TR

Türkiye’nin Orta Vadeli Programı (OVP) 2026-2028: Ekonomik, Sosyal ve Sektörel Etkiler Üzerine Derinlemesine Bir İnceleme

Giriş

Türkiye’nin Orta Vadeli Programı (OVP), ülkenin ekonomisini yönlendiren en önemli belgelerden biri olup, üç yıllık bir dönemde hedeflenen makroekonomik göstergeleri, bütçe politikalarını, sektör stratejilerini ve hedef büyüme oranlarını içermektedir. 2026-2028 dönemi için açıklanan OVP, Türkiye’nin uzun vadeli kalkınma stratejisinin temellerini oluşturmakta olup, özellikle ekonomik istikrarın sağlanması, sürdürülebilir büyümenin elde edilmesi ve enflasyonla mücadele gibi kritik öncelikleri içermektedir. Bu makale, Türkiye’nin Orta Vadeli Programı’nın (OVP) ekonomik, sosyal ve sektörel etkilerini ayrıntılı bir şekilde incelemeyi ve mühendislik sektörü özelinde analiz yapmayı amaçlamaktadır.

OVP, sadece ekonomik göstergelere dayalı bir belge olmanın ötesinde, çeşitli sektörlerdeki paydaşların, özellikle kamu ve özel sektör firmalarının, stratejik planlama ve yönelimlerini etkileyen bir yapıya sahiptir. Bu bağlamda, 2026-2028 OVP’sinin Türkiye ekonomisi üzerindeki yansımaları, sektörlere göre detaylı bir şekilde ele alınacaktır. Ayrıca, mühendislik sektörü özelinde OVP’nin olası etkileri ve firmaların stratejik yönelimleri üzerine de derinlemesine bir analiz yapılacaktır.

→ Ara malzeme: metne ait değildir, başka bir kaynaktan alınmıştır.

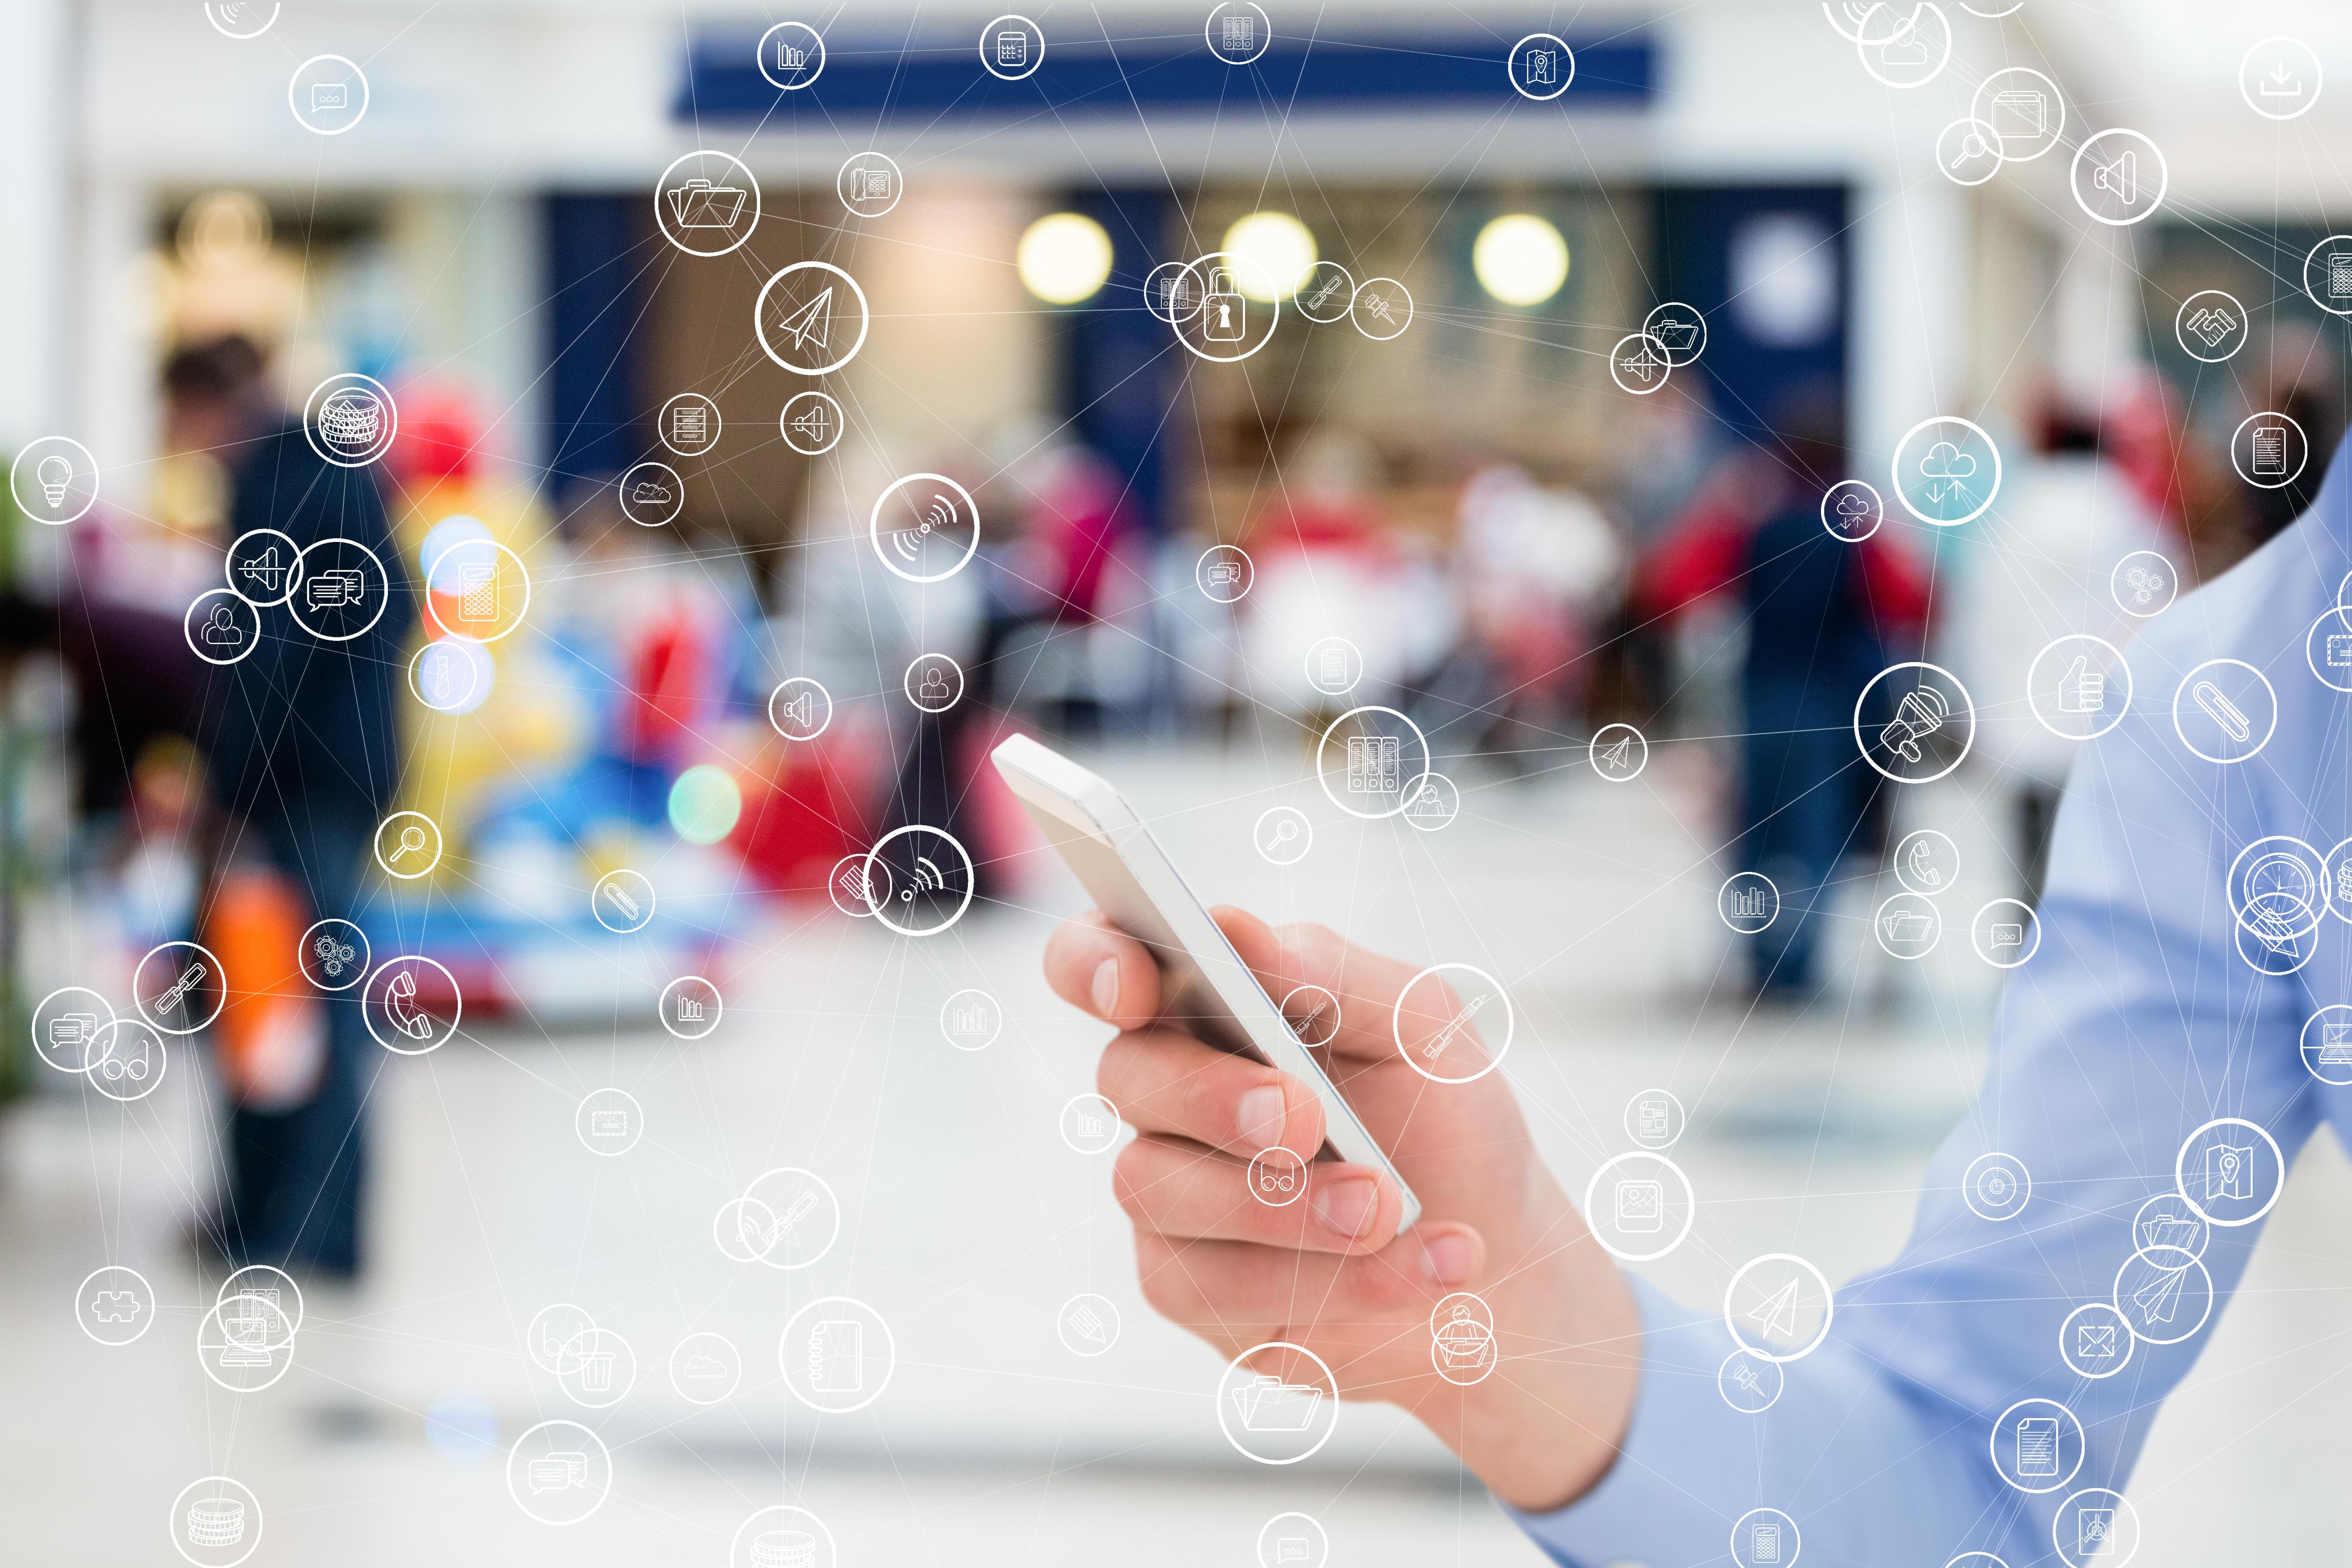 Smartphone phát triển và đem đến những trải nghiệm chưa từng có cho người dùng

Orta Vadeli Program (OVP) Nedir?

Orta Vadeli Program, Hazine ve Maliye Bakanlığı tarafından her yıl açıklanan ve Türkiye’nin üç yıllık ekonomik yol haritasını belirleyen stratejik bir plandır. Bu plan, büyüme oranları, enflasyon hedefleri, dış ticaret dengesi, işsizlik oranları, kamu harcamaları ve bütçe açıkları gibi makroekonomik hedeflere dayalı olarak şekillenir. OVP, aynı zamanda sektörel politikalar, yatırımlar ve yapısal reformlara yönelik stratejiler içermektedir. Türkiye’nin 2026-2028 OVP’si, ekonomik istikrarı sağlamak ve büyümeyi sürdürülebilir kılmak amacıyla büyük bir öneme sahiptir.

OVP’nin temel hedefleri arasında ekonomik büyümenin artırılması, işsizliğin düşürülmesi, enflasyon oranlarının kontrol altına alınması, kamu borçlarının sürdürülebilir seviyelere çekilmesi ve dış ticaret açığının daraltılması bulunmaktadır. 2026 yılı için büyüme hedefi %3.8, 2027 için %4.3 ve 2028 için %5 olarak belirlenmişken, enflasyonun 2025 sonu itibariyle %28,5 iken, 2028’de %8 seviyelerine çekilmesi öngörülmektedir (Türkiye Cumhuriyeti Hazine ve Maliye Bakanlığı, 2025).

OVP’nin Türkiye Ekonomisine Genel Etkileri

Türkiye’nin 2026-2028 dönemi için belirlediği ekonomik hedefler, büyüme oranlarının istikrarlı bir şekilde artırılmasını ve enflasyonun düşürülmesini amaçlamaktadır. Ancak, bu hedeflerin gerçekleştirilmesi, birçok iç ve dış faktöre bağlıdır.

Büyüme Hedefleri ve Ekonomik Dönüşüm

2026-2028 OVP’sinin büyüme hedefleri, Türkiye ekonomisinin daha sürdürülebilir bir yapıya kavuşması için önemli bir adımdır. Büyüme oranlarının artırılması, özellikle yatırımların teşvik edilmesi, üretim kapasitesinin artırılması ve dijitalleşme süreçlerine yatırım yapılması ile mümkün olacaktır. Ancak, OVP’nin öngördüğü büyüme hedeflerinin tutmaması, kamu maliyesinin zorlanması ve enflasyonun yükselmesi gibi durumlar, sektörel bazda farklı etkilere yol açabilir.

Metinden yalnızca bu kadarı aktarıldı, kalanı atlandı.